Annotations, Captions, and Comments

There are several senses in which these terms are used.

First, they can refer to verbal information about a photo that are associated with that photo in a variety of settings. For example, one could talk about a caption or a comment that accompanies a photo in a web album, a label that goes with the photo when printing out photos on a contact sheet, text that may accompany a photo on a site such as Flickr, and so on.

Second, they can be terms used by some particular program that organizes or displays photos, referring to specific fields that contain text associated with each photo.

- in Lightroom, each photo can have a caption associated with it. The caption associated with each photo is stored in the Lightroom database (which Lightroom calls a Catalog). If desired, the caption can then be shown along with each photos in slideshows, in web albums, or in print layouts.

- in ThumbsPlus, each photo can have an annotation associated with it. Again, the annotation can be shown along with each photo in slideshows, in web albums, or in print layouts.

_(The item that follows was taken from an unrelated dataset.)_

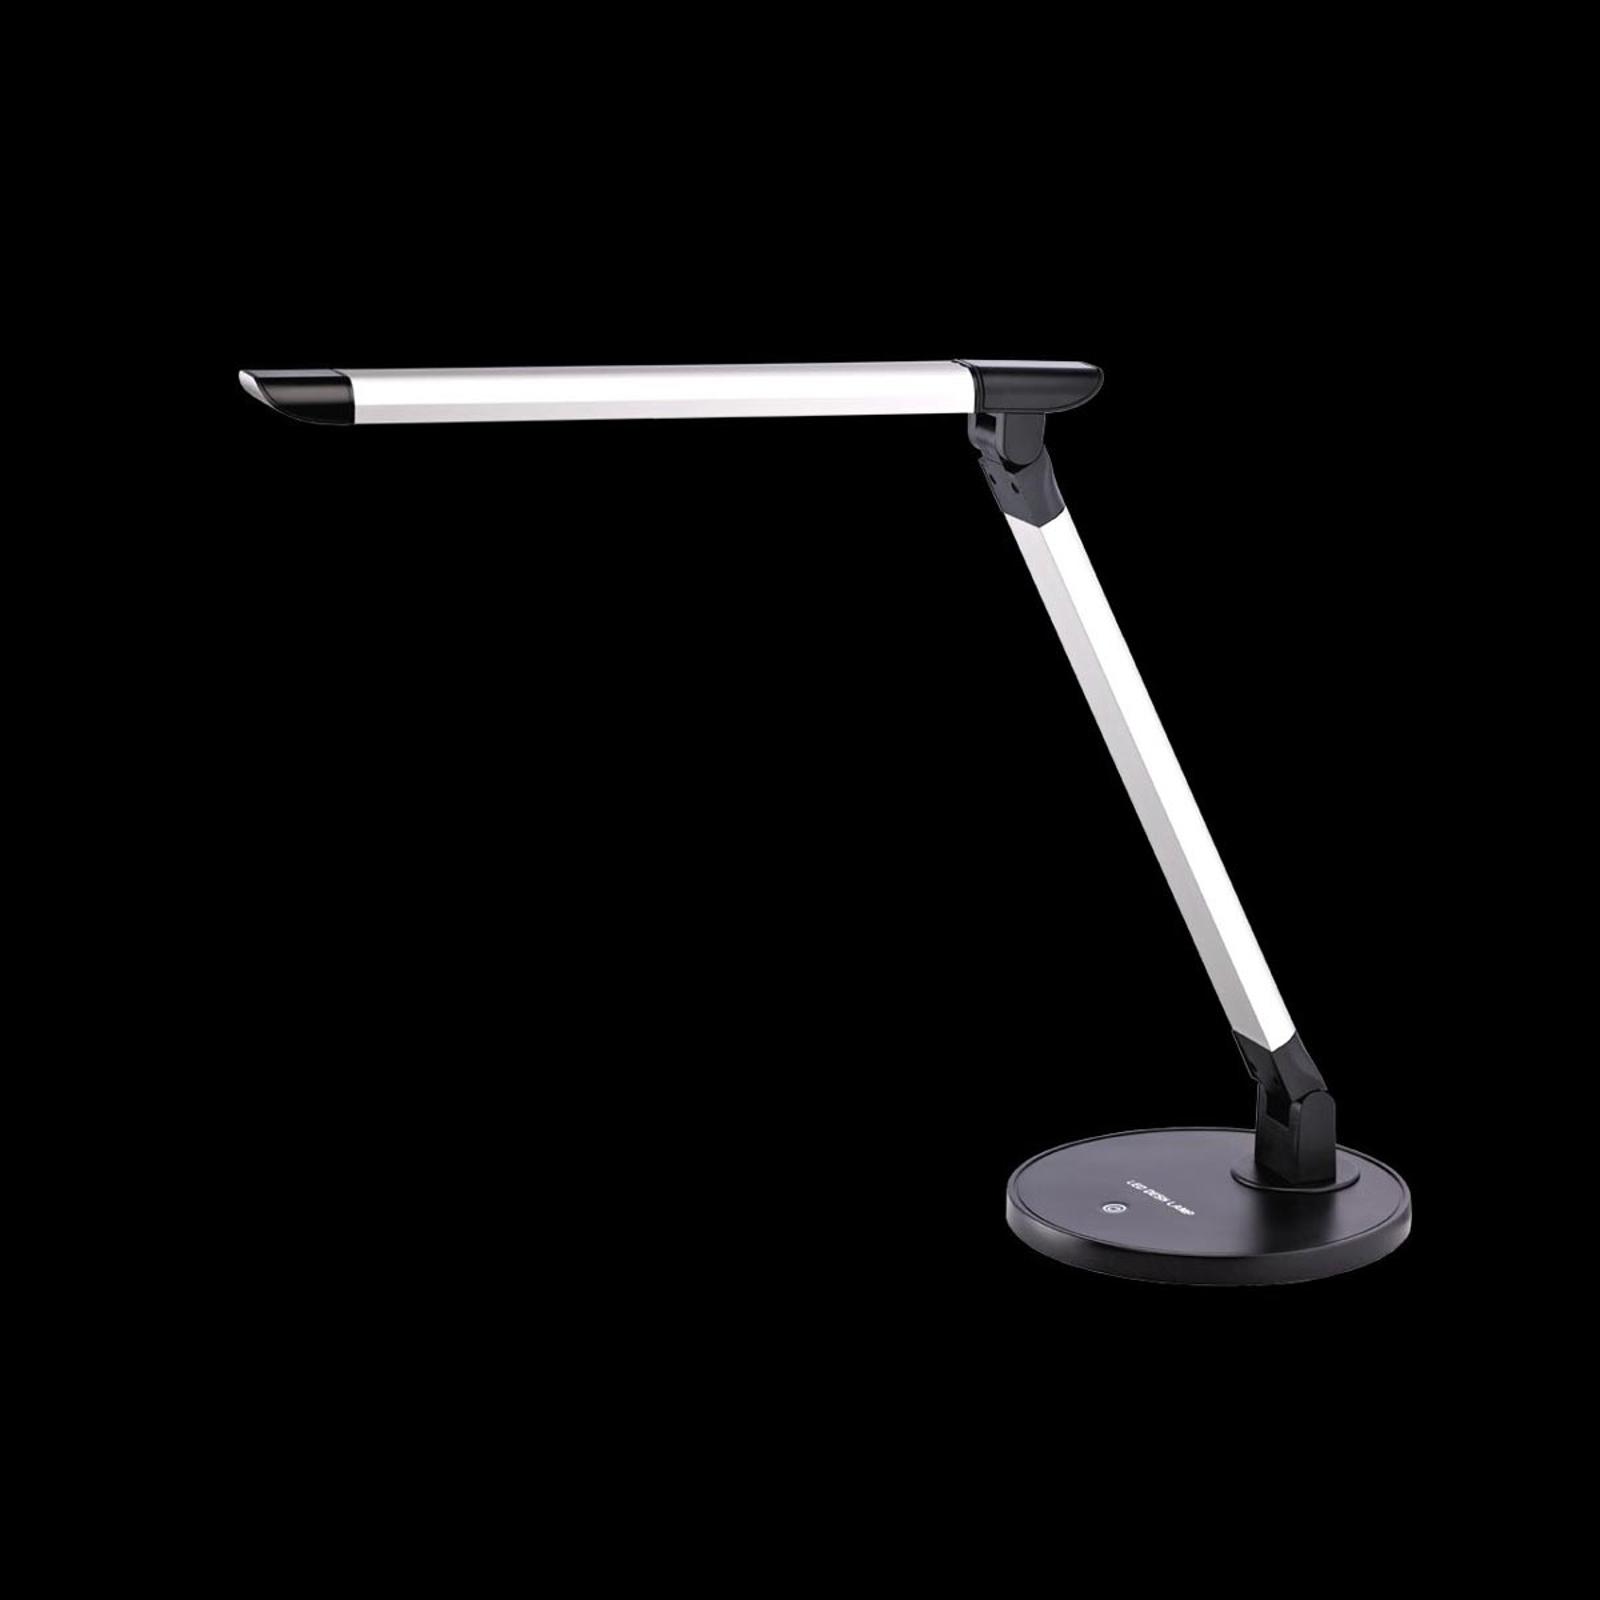 Lámpara de mesa LED plegable Chris, atenuador
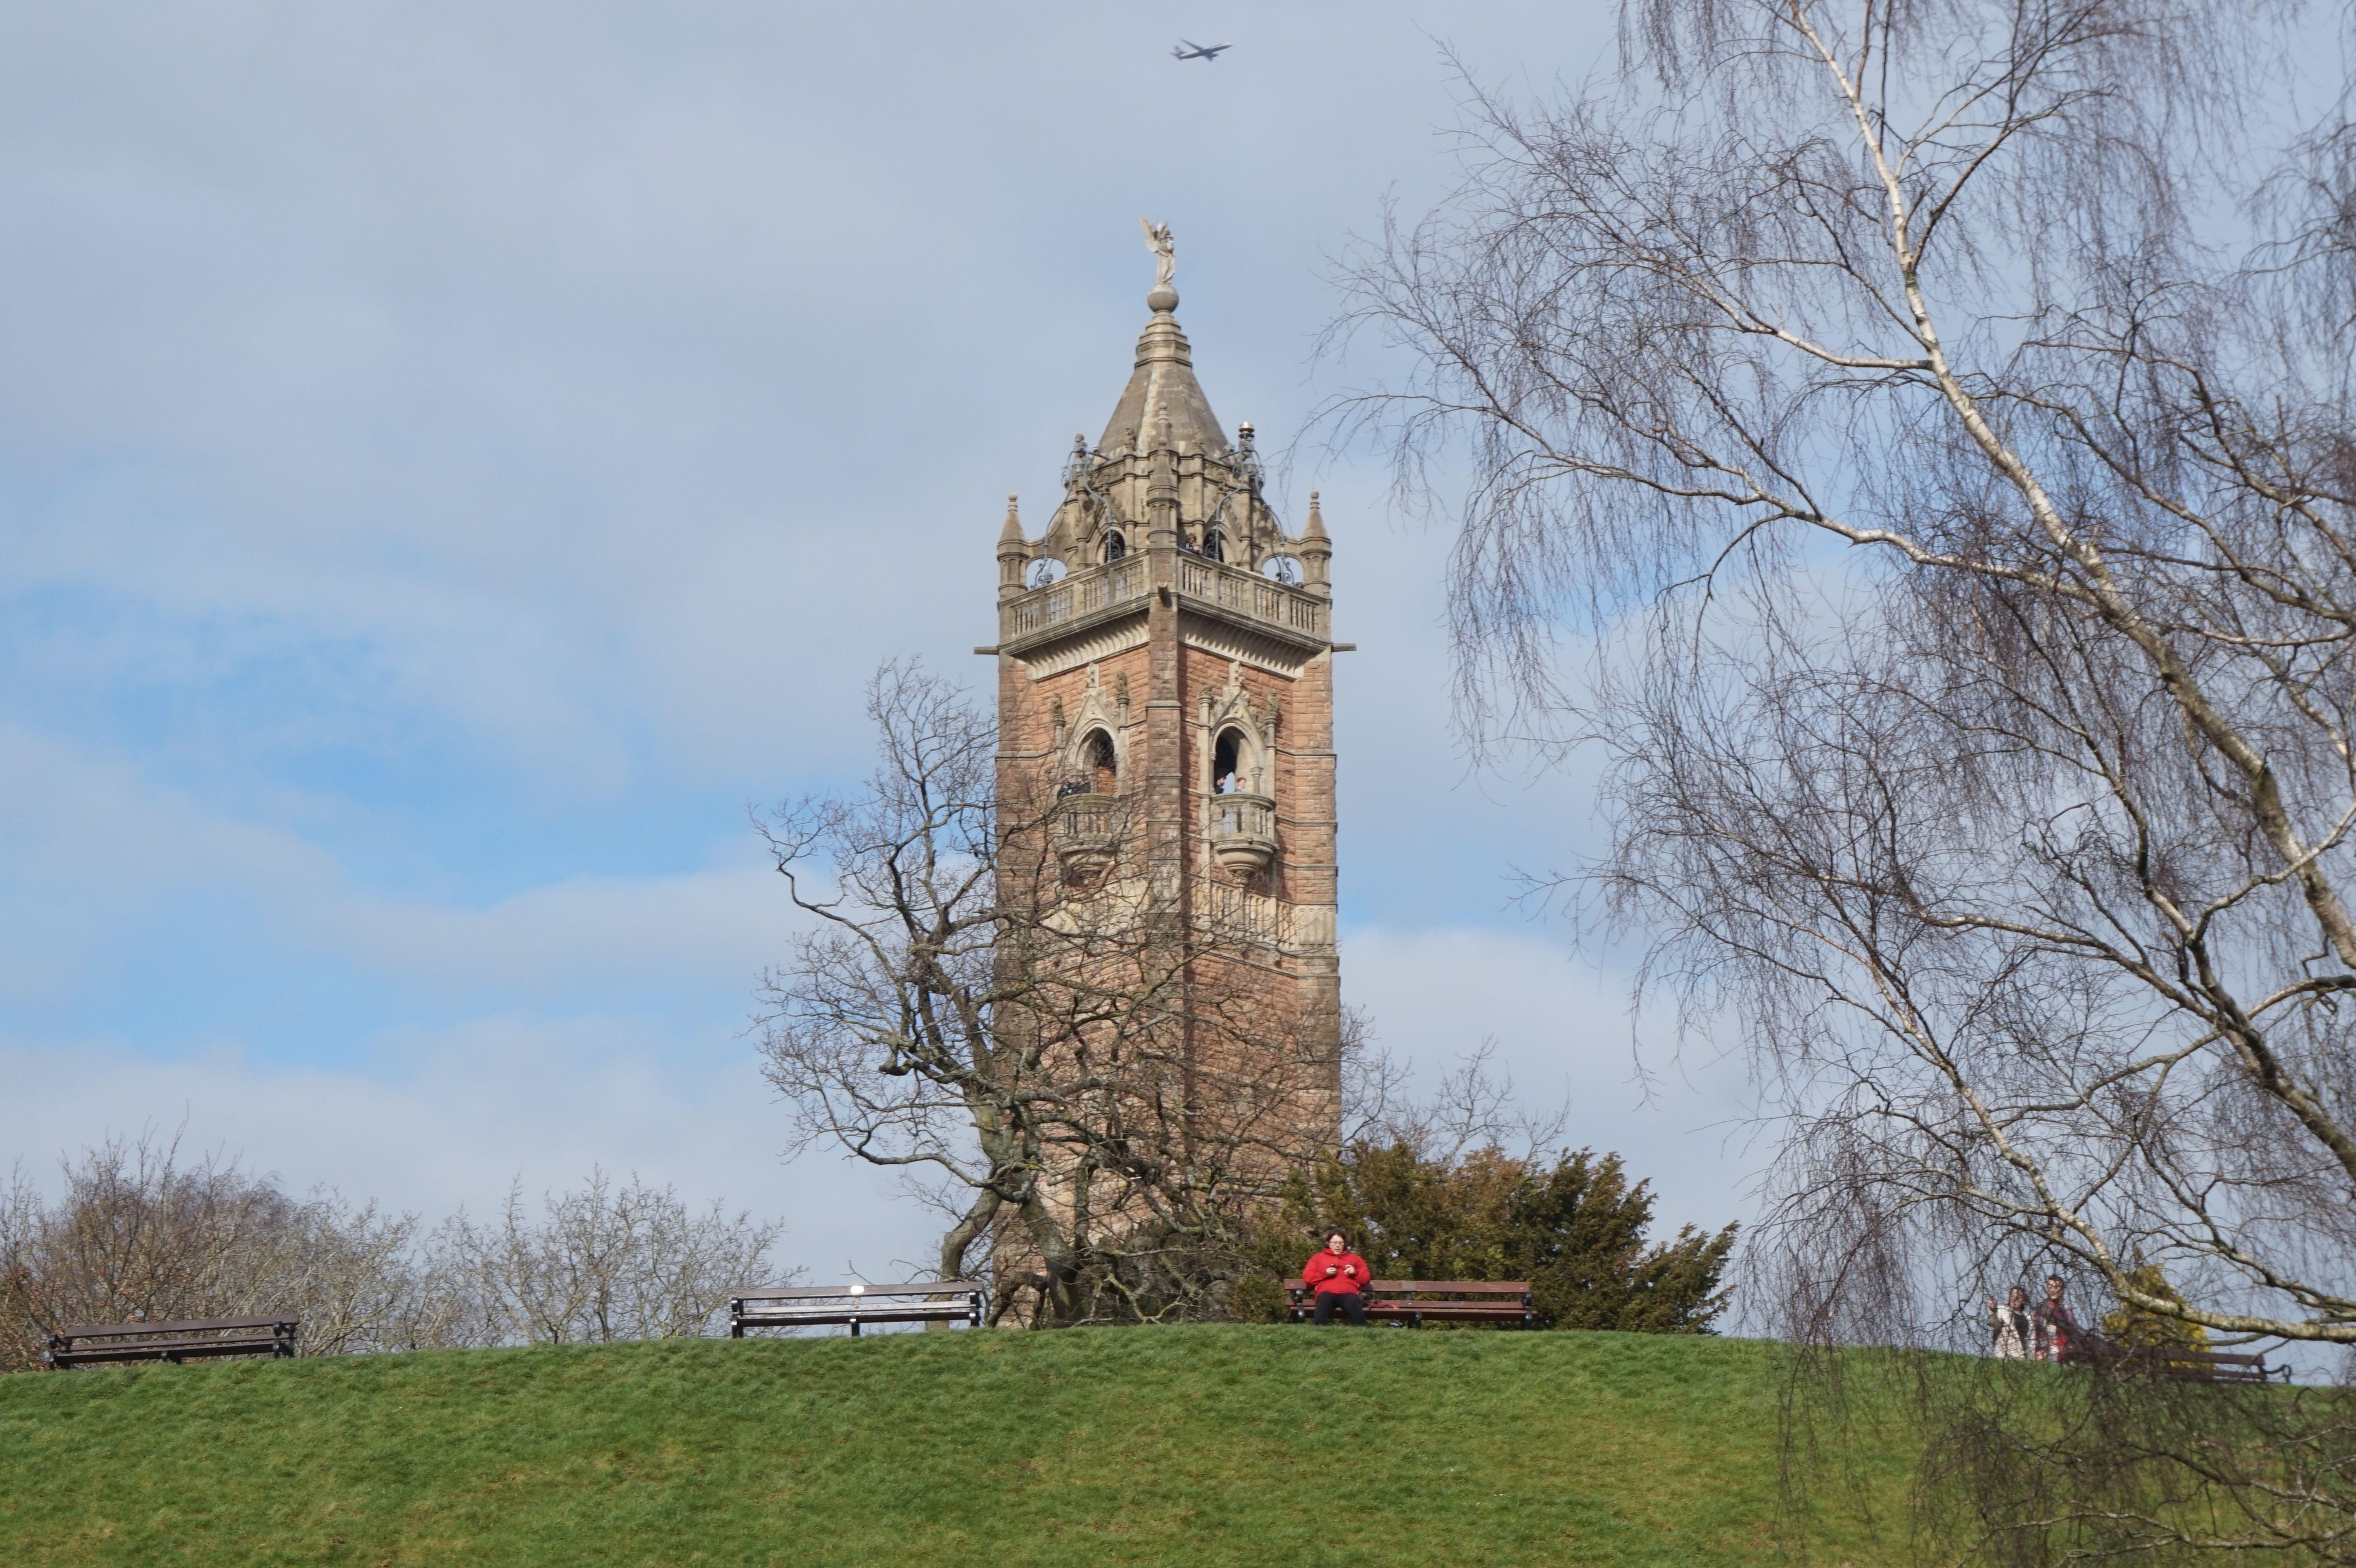 Hoog bovenop Brandon Hill (het oudste park van Bristol) staat de Cabot Tower. Deze 32 meter hoge toren is gebouwd in 1897.

Third, they can refer to text fields that reside inside the image file itself. For example, JPEG files can include IPTC data fields that include a CAPTION field. JPEG files can also have a COMMENT field. Such additional data that can be added to an image file is referred to collectively as metadata. Not all image file types allow metadata to be written to the file. For example, JPEG photos can (but don't have to) have IPTC metadata, EXIF metadata, and Comment fields. TIFF photos can have IPTC and EXIF metadata. Photos saved as GIF or BMP files do not contain metadata.

- To read more about these fields, see Wikipedia entries under JPEG, IPTC, and metadata.

- If you want to see the contents of these metadata fields in your photos, try IrfanView. It is a powerful free image viewer that is widely used and respected. Open a photo in IrfanView and click Image > Information and you can see IPTC fields, EXIF fields, and Comment fields. (However, it does not seem to show metadata in GIF or PNG files.)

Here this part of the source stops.